The data section start

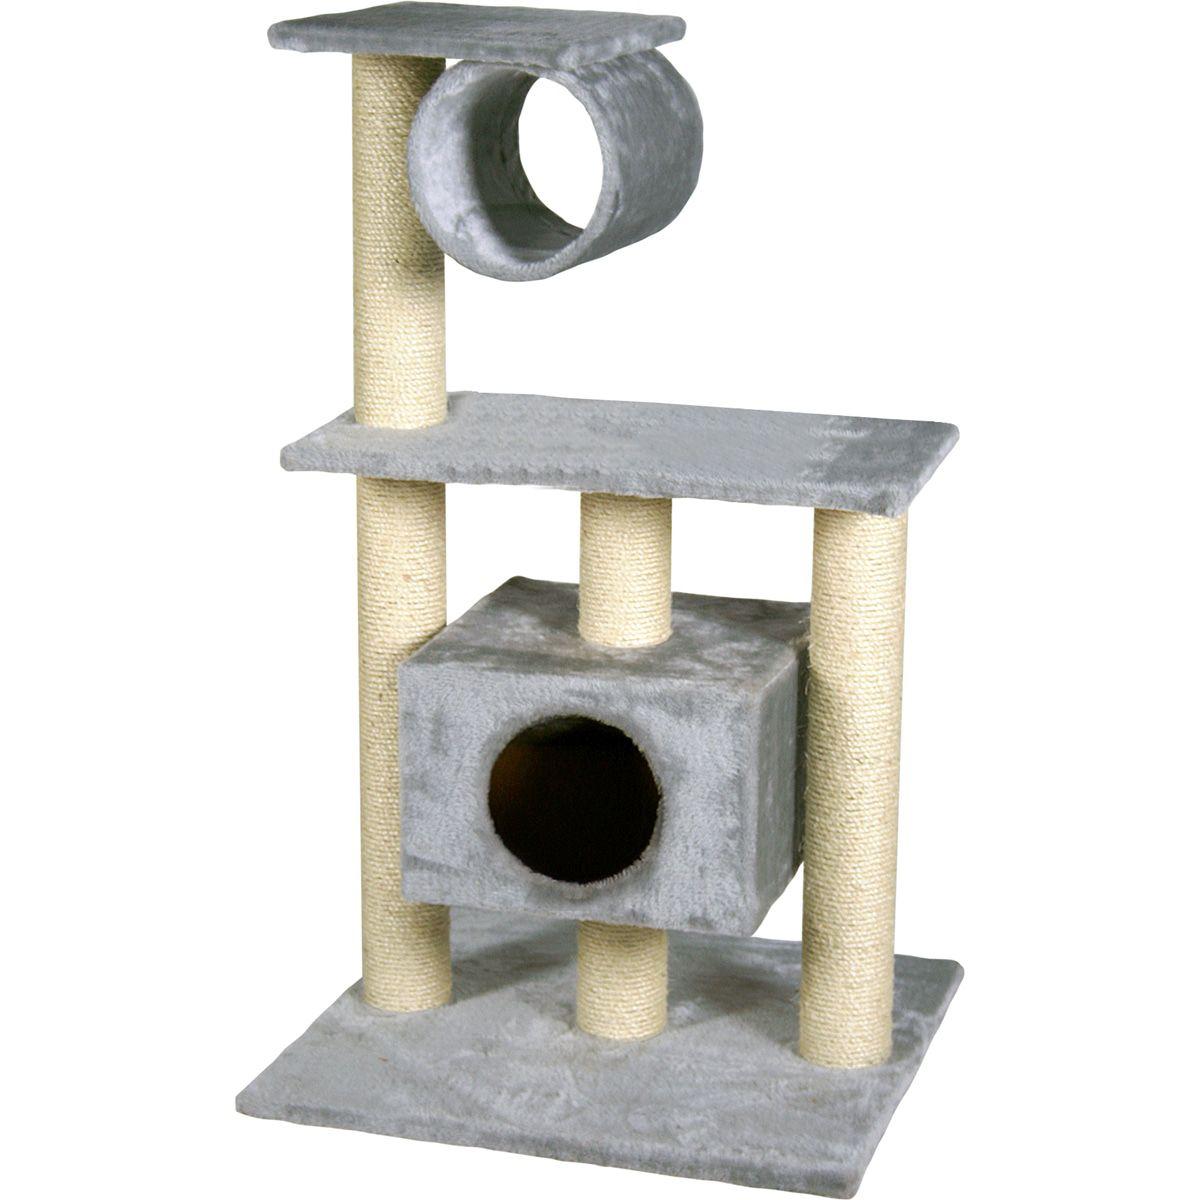 Krabpaal-Teide-Grijs-60-x-57-x-103-cm-Flamingo-Grijs
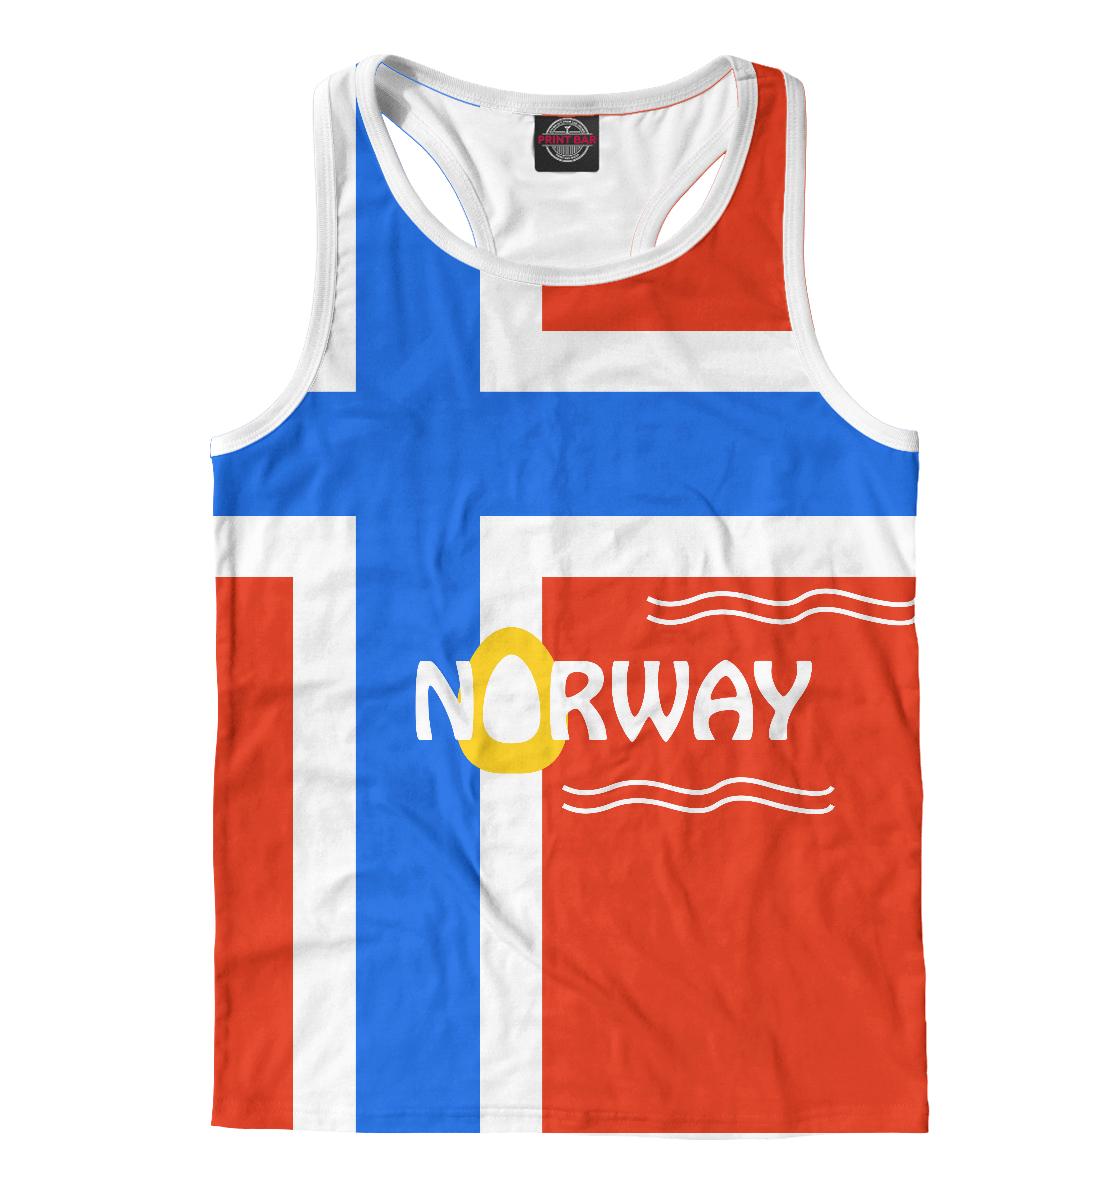 Купить Норвегия, Printbar, Майки борцовки, CTS-292150-mayb-2
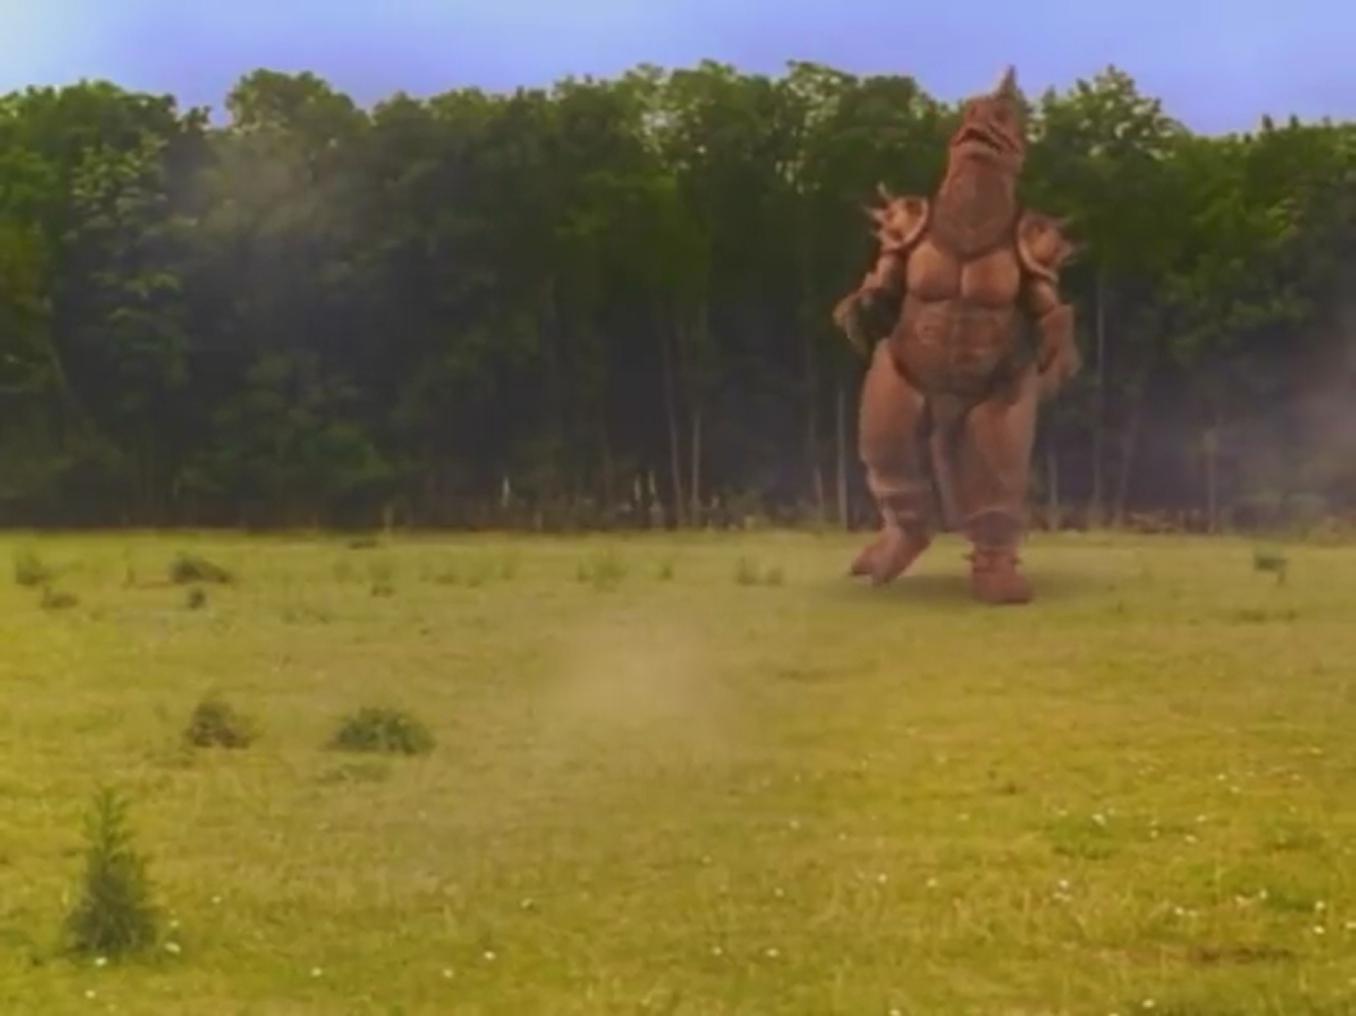 What every bad CG kaiju looks like
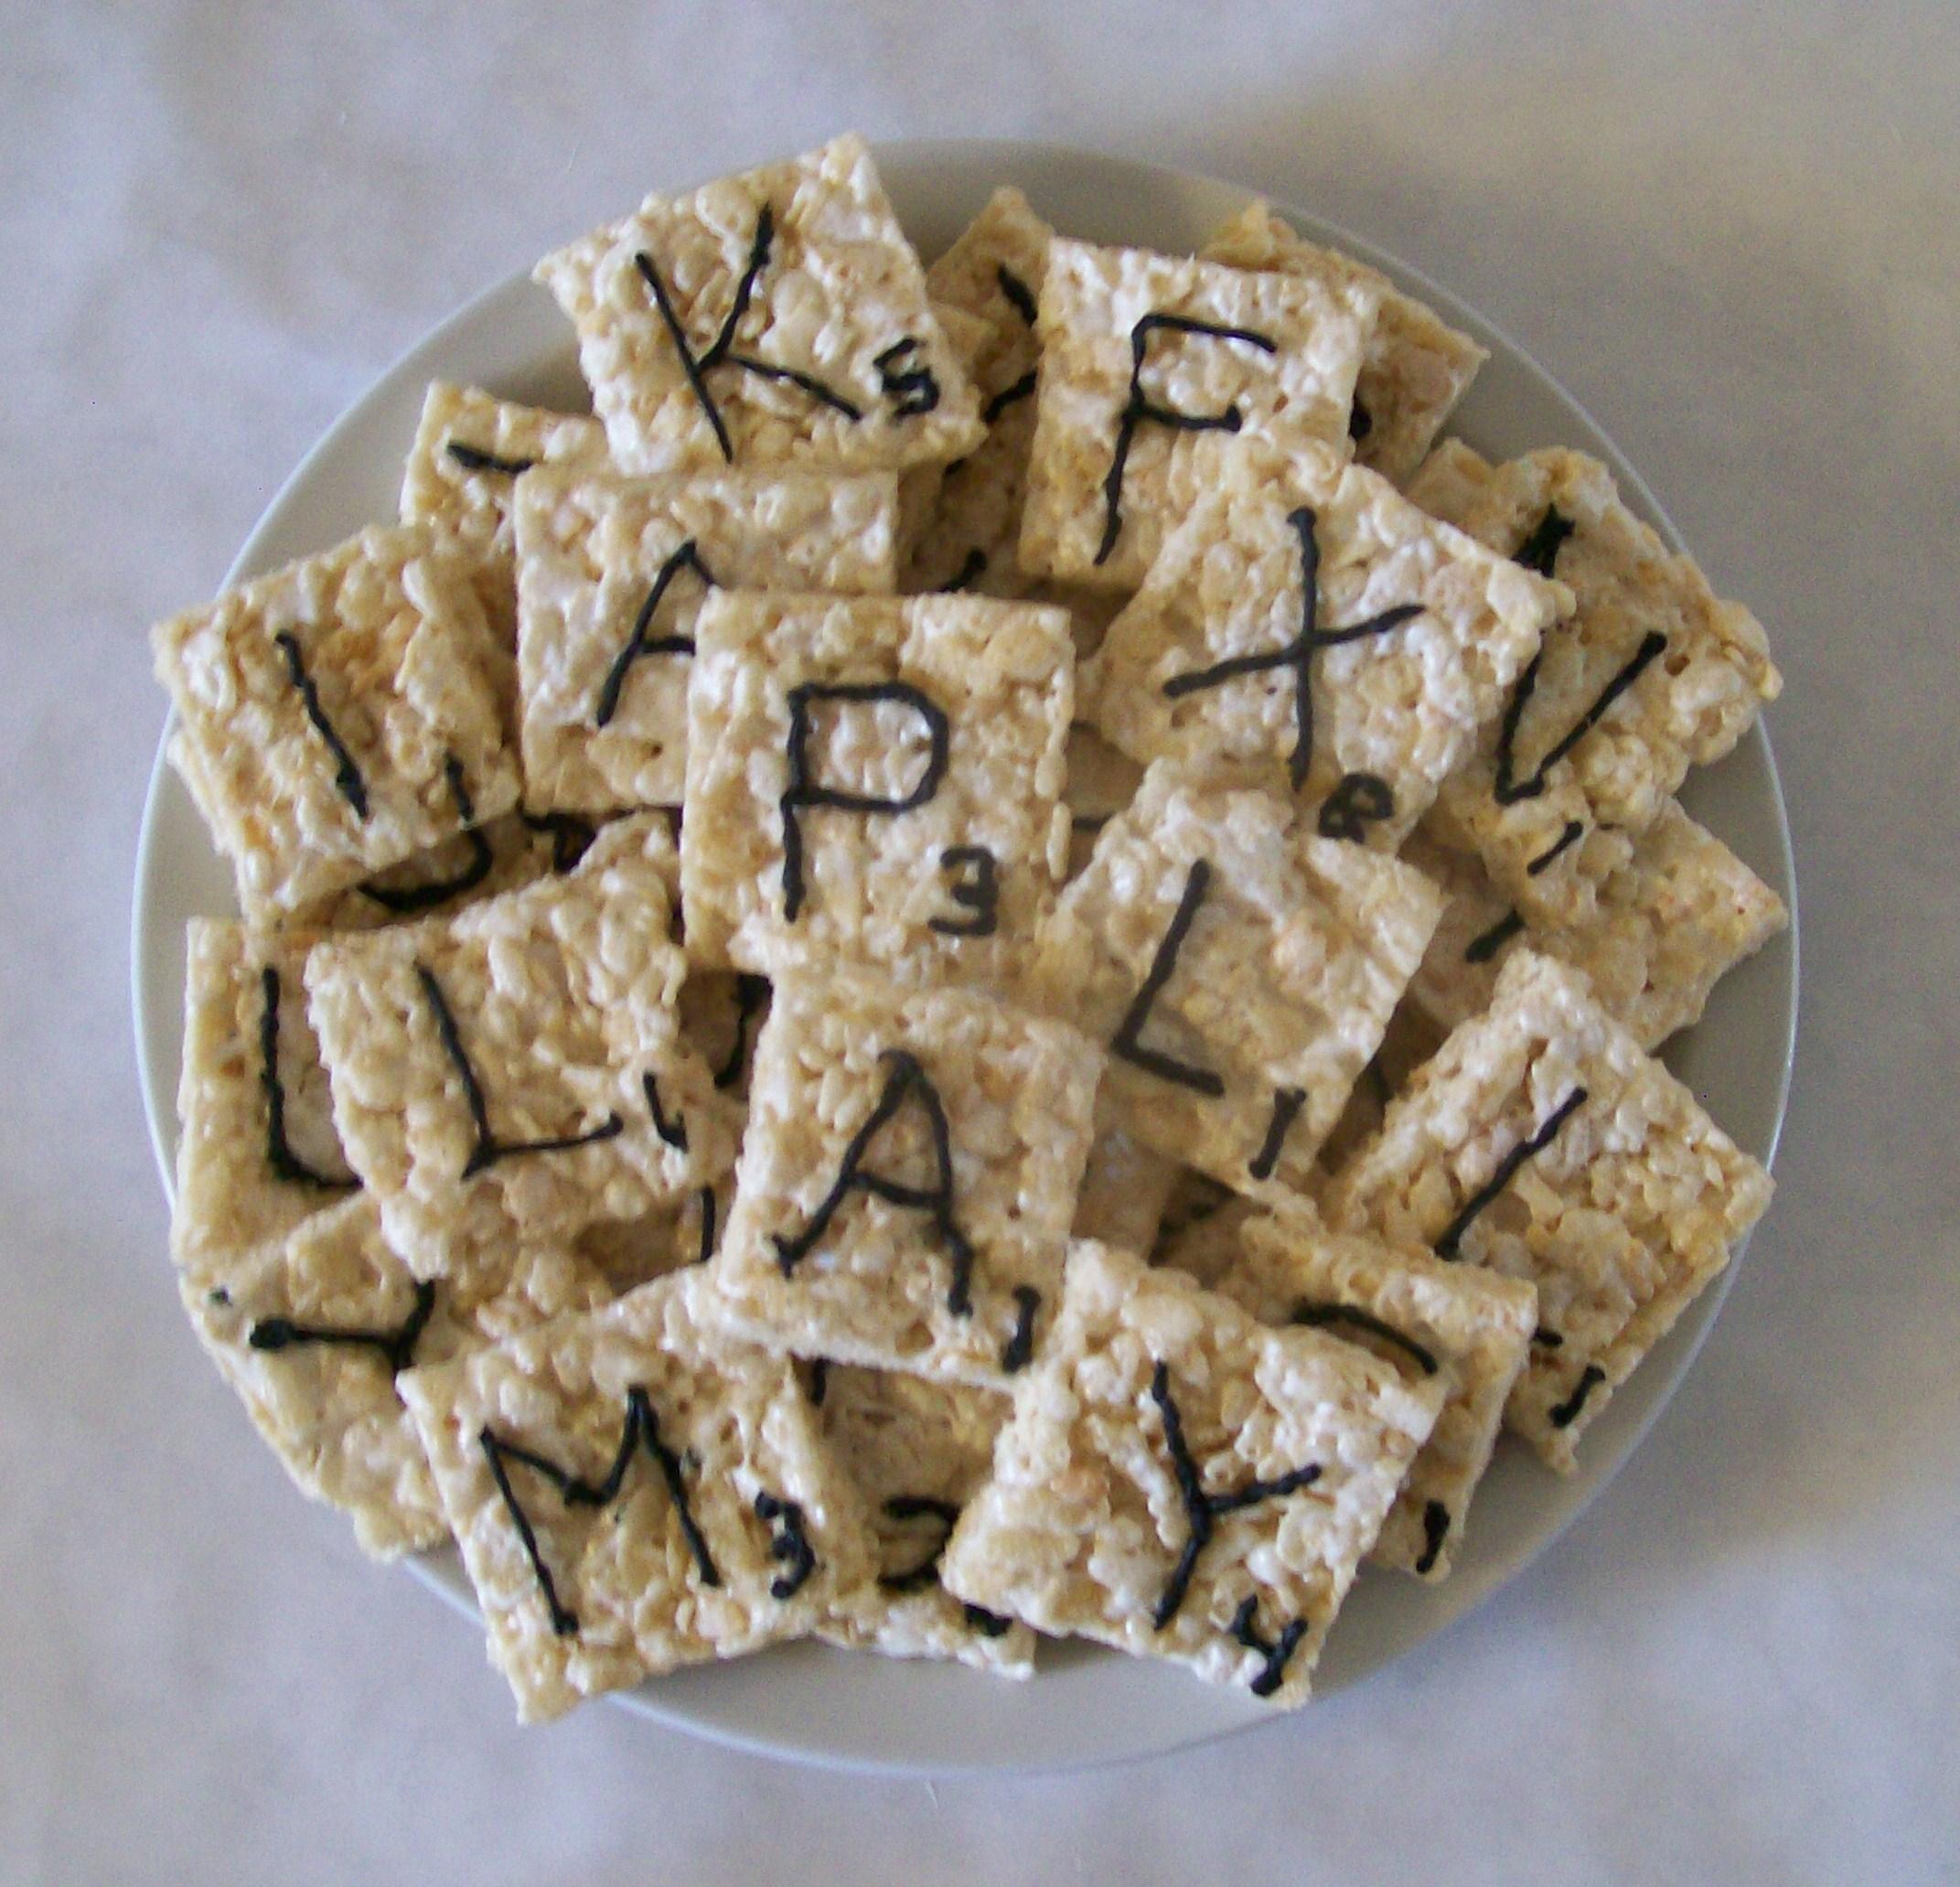 Scrabble Bites

The data section end

**Task:**
Nothing but the lines from the line containing "What every bad CG kaiju looks like" through the last line of the material may be output, and they must be copied exactly, without pictures.

**Task answer:**
 What every bad CG kaiju looks like
 Scrabble Bites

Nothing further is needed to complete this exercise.